WORK ORDER
Print the data below again in full, exactly as it stands, with no images.

DATA BLOCK
┄┄┄┄┄┄┄┄┄┄

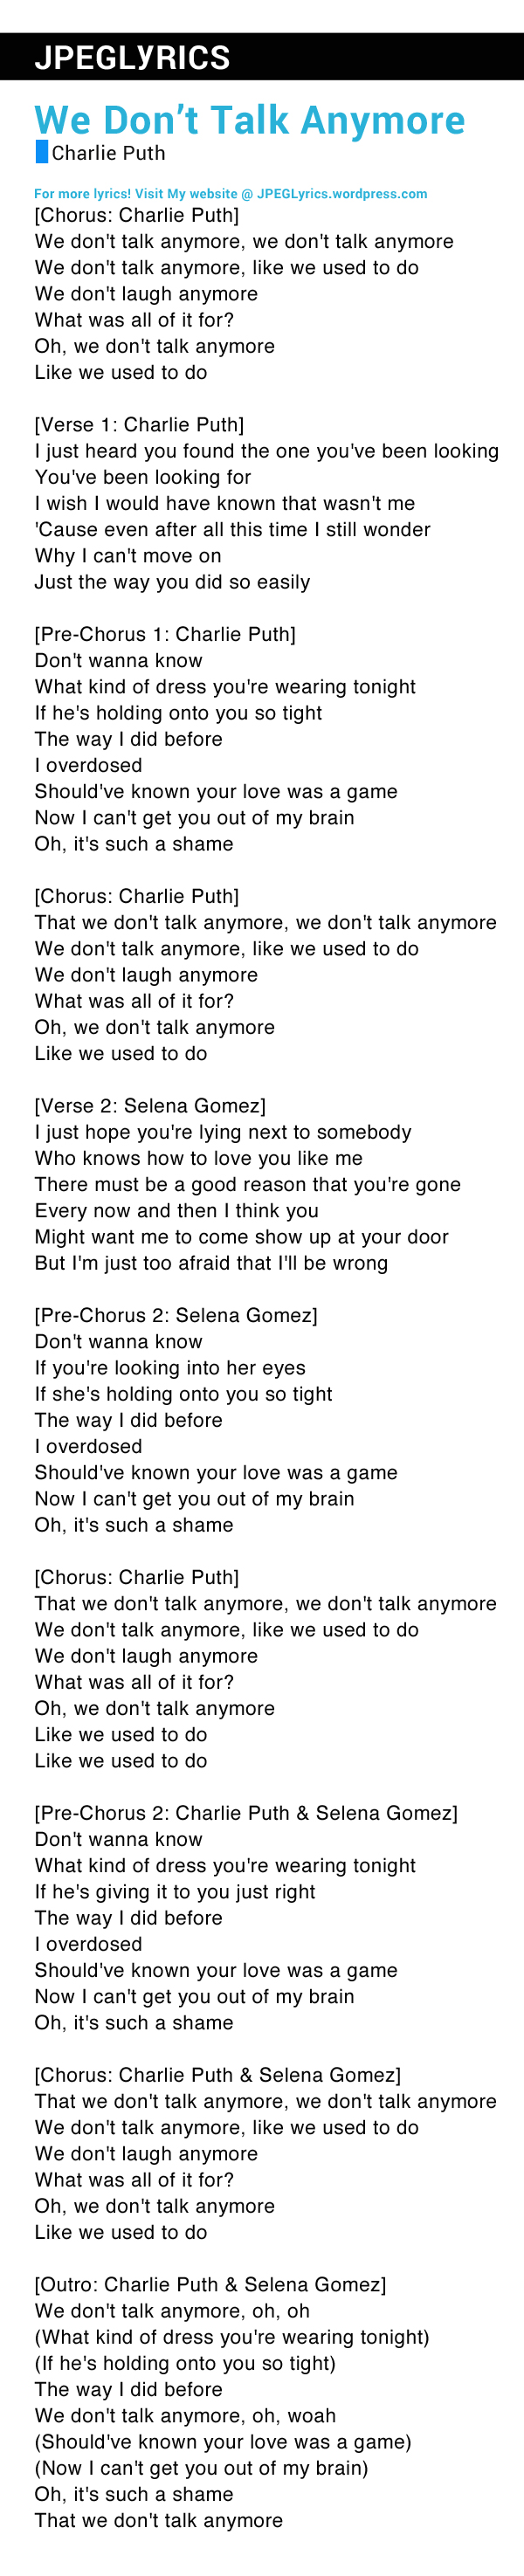 We Don T Talk Anymore By Charlie Puth Lyrics Jpeg Lyrics
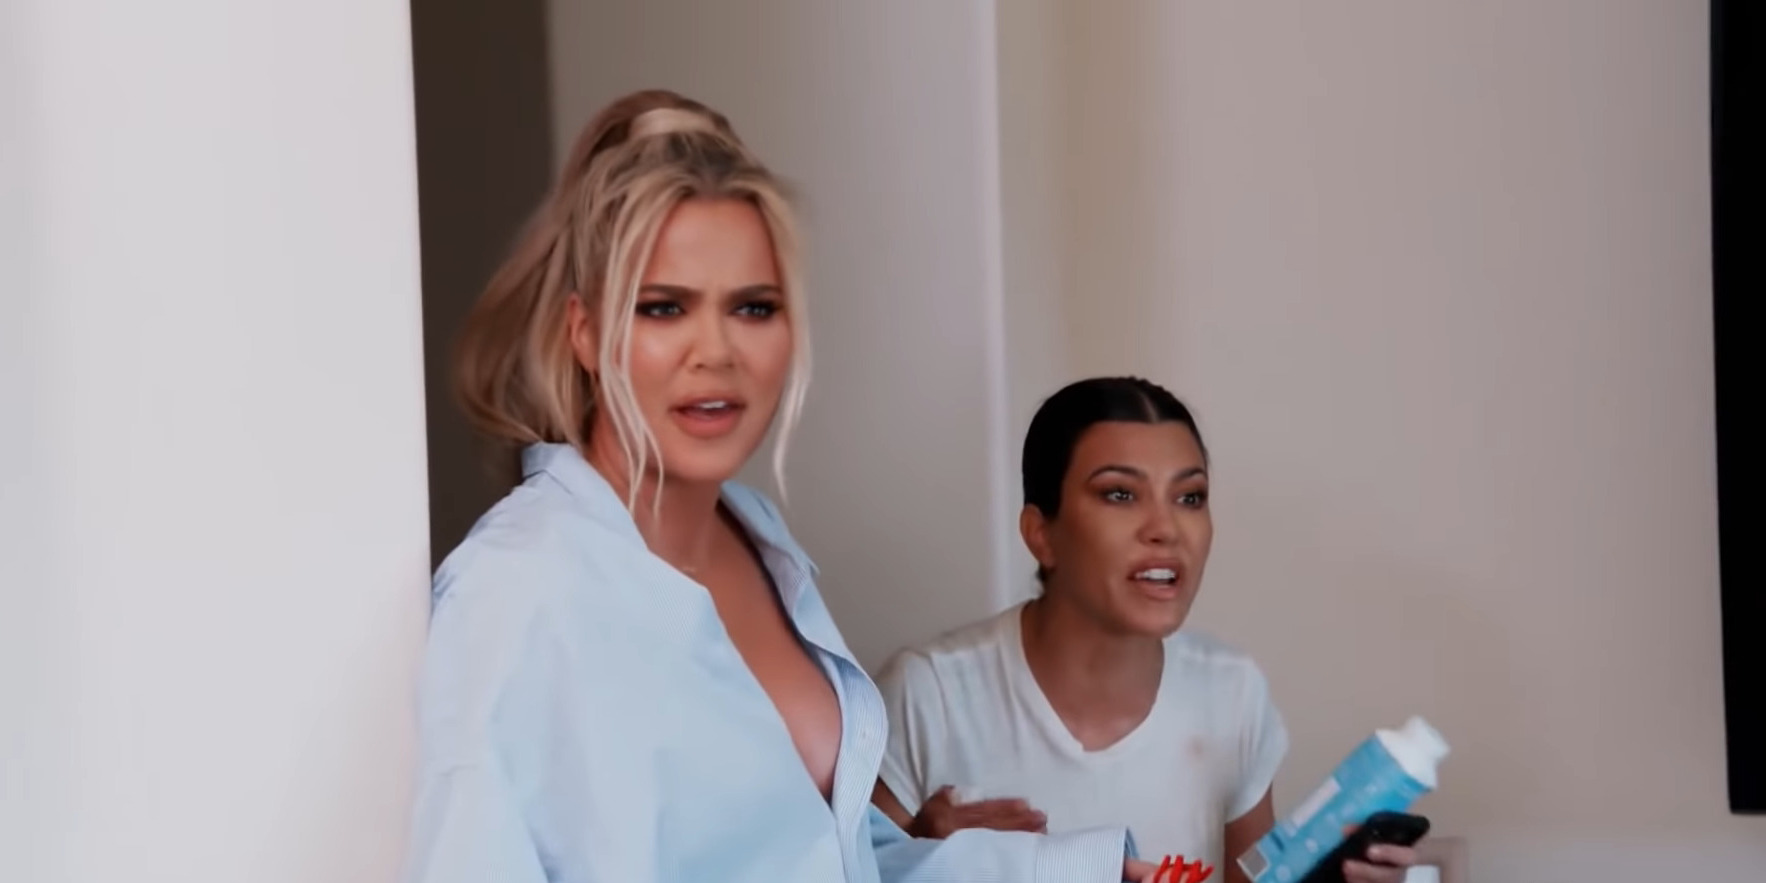 Keeping Up with The Kardashians Season 18 Episode 3 Episode 2 recap
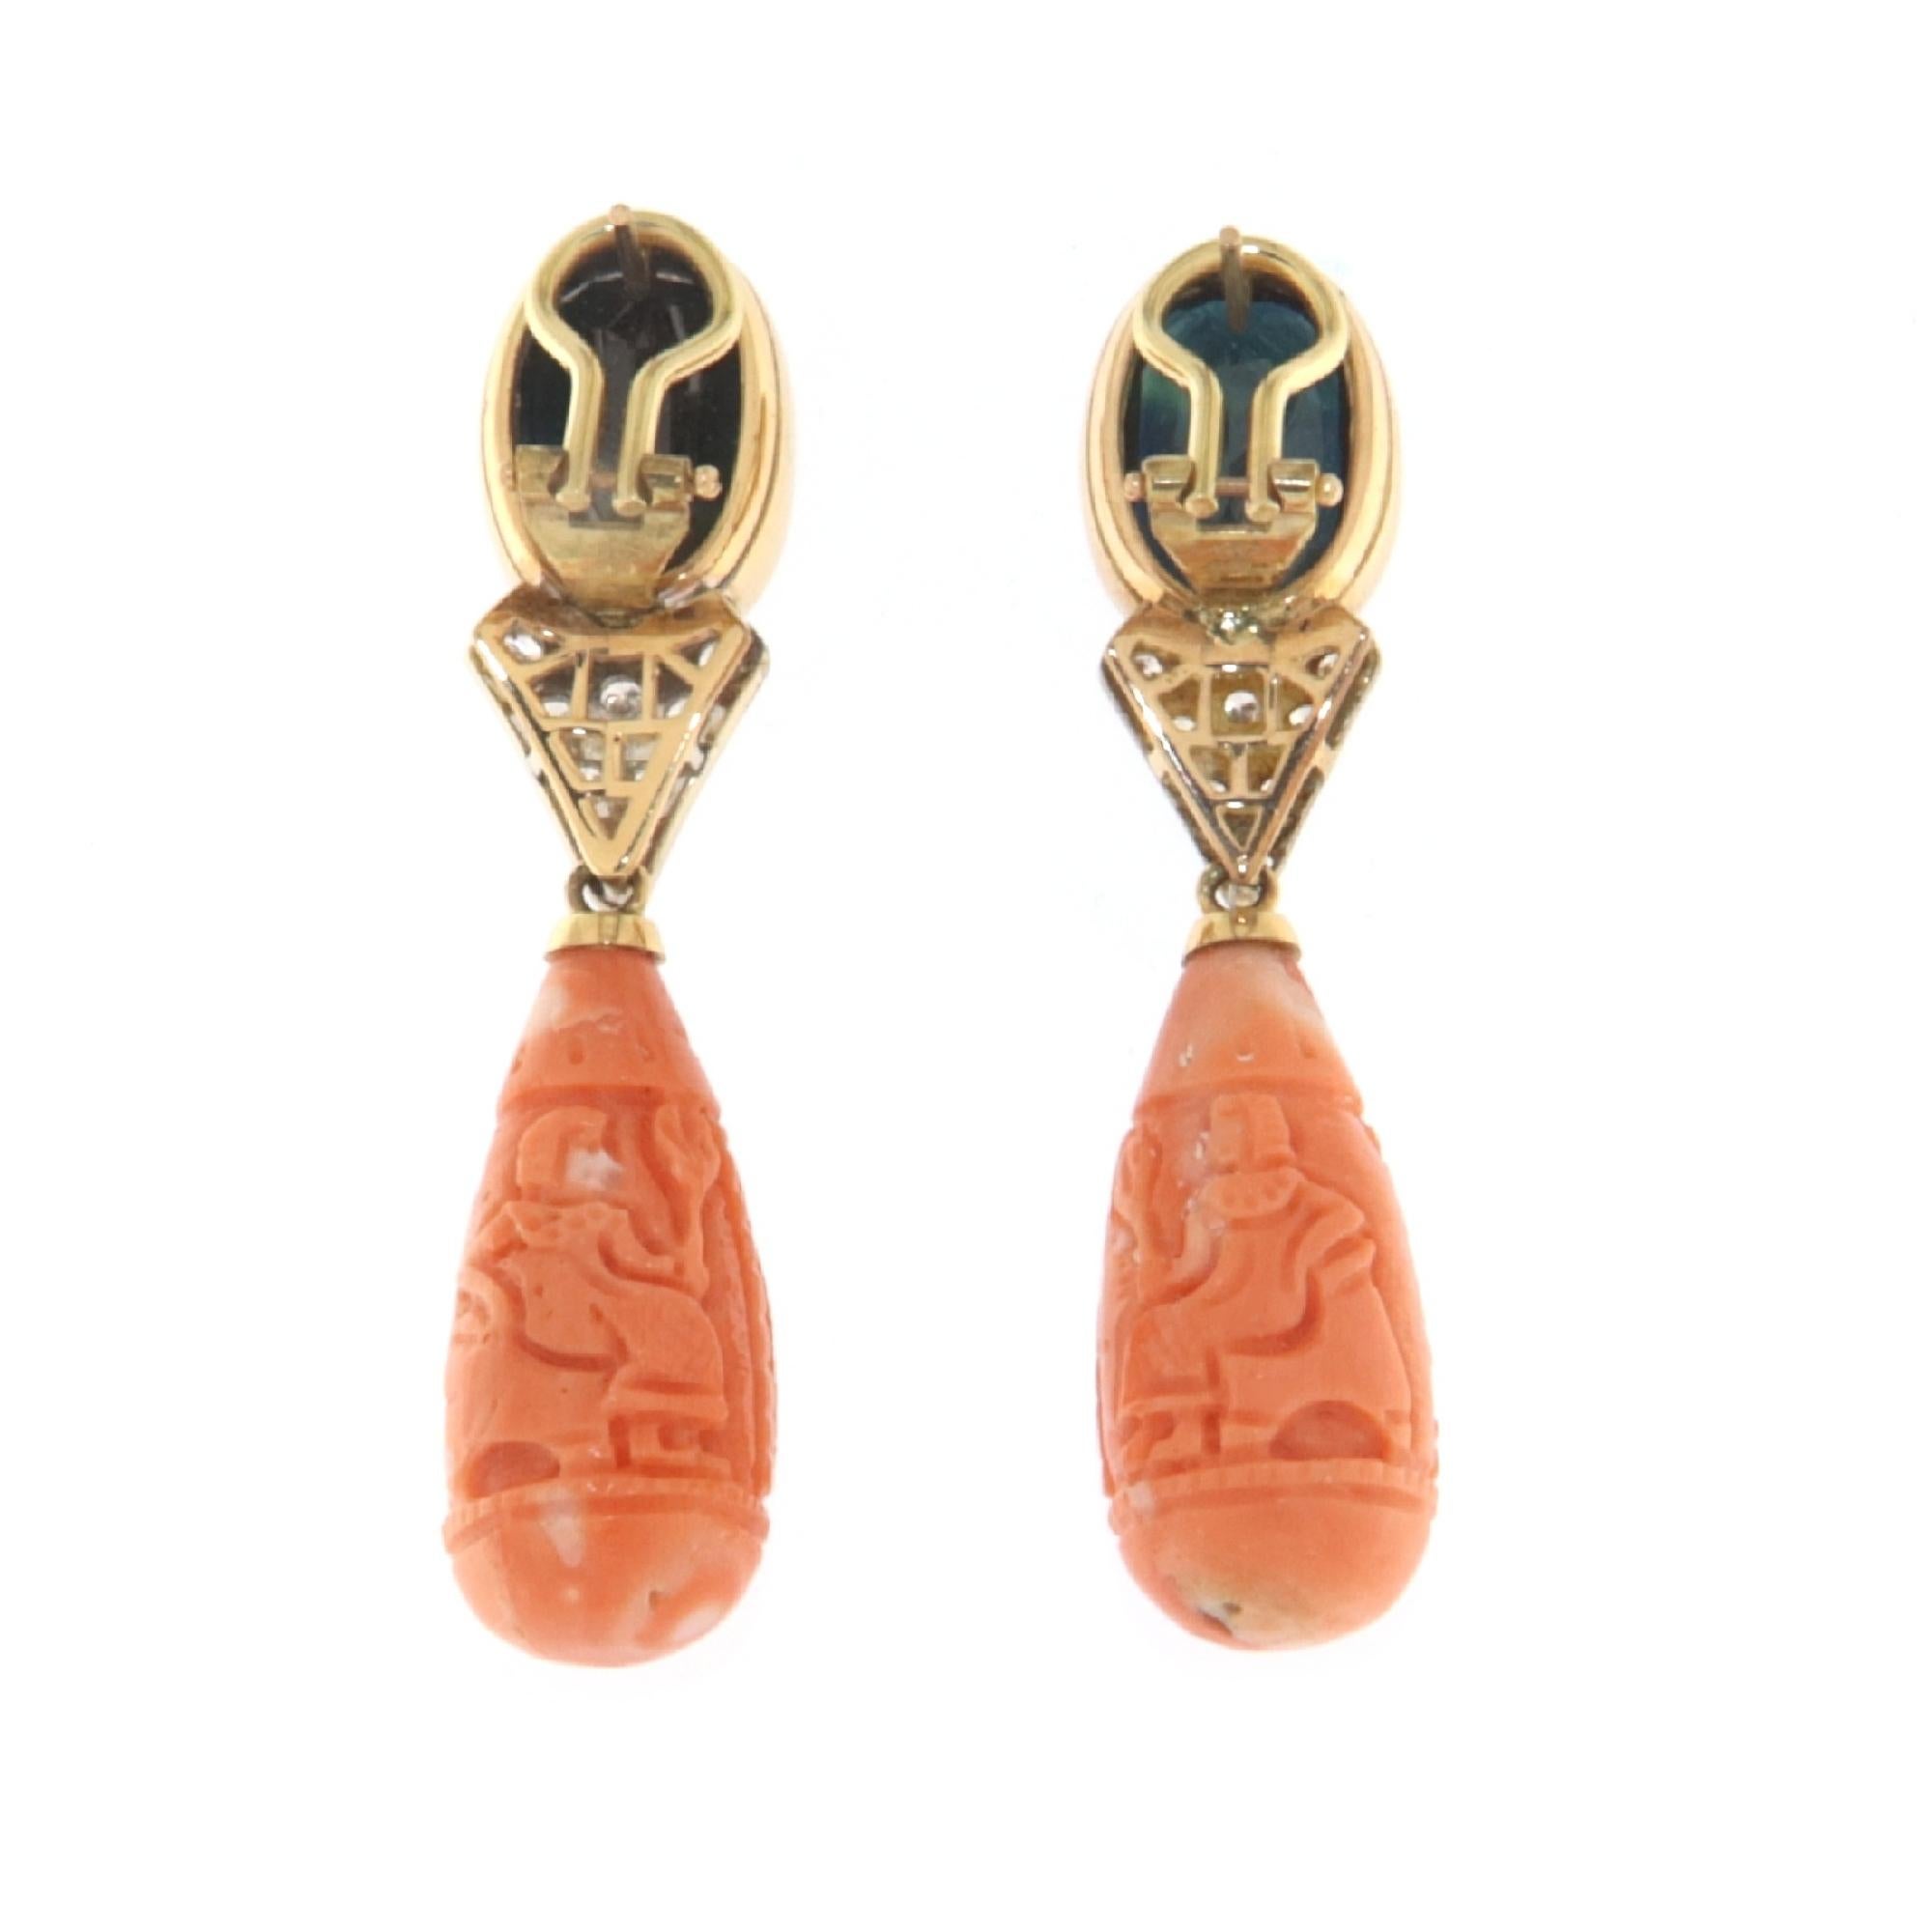 Diese Ohrringe aus 18-karätigem Gelbgold verkörpern die Eleganz feiner Handwerkskunst und sind ein Zeugnis für zeitlosen Stil und Luxus. Jeder Ohrring besteht aus einem glänzenden ovalen Saphir, der in eine Lünette aus warmem Gelbgold gefasst ist,

┄┄┄┄┄┄┄┄┄┄

WRITTEN ANSWER
 We Don T Talk Anymore By Charlie Puth Lyrics Jpeg Lyrics
 Keeping Up with The Kardashians Season 18 Episode 3 Episode 2 recap
 Diese Ohrringe aus 18-karätigem Gelbgold verkörpern die Eleganz feiner Handwerkskunst und sind ein Zeugnis für zeitlosen Stil und Luxus. Jeder Ohrring besteht aus einem glänzenden ovalen Saphir, der in eine Lünette aus warmem Gelbgold gefasst ist,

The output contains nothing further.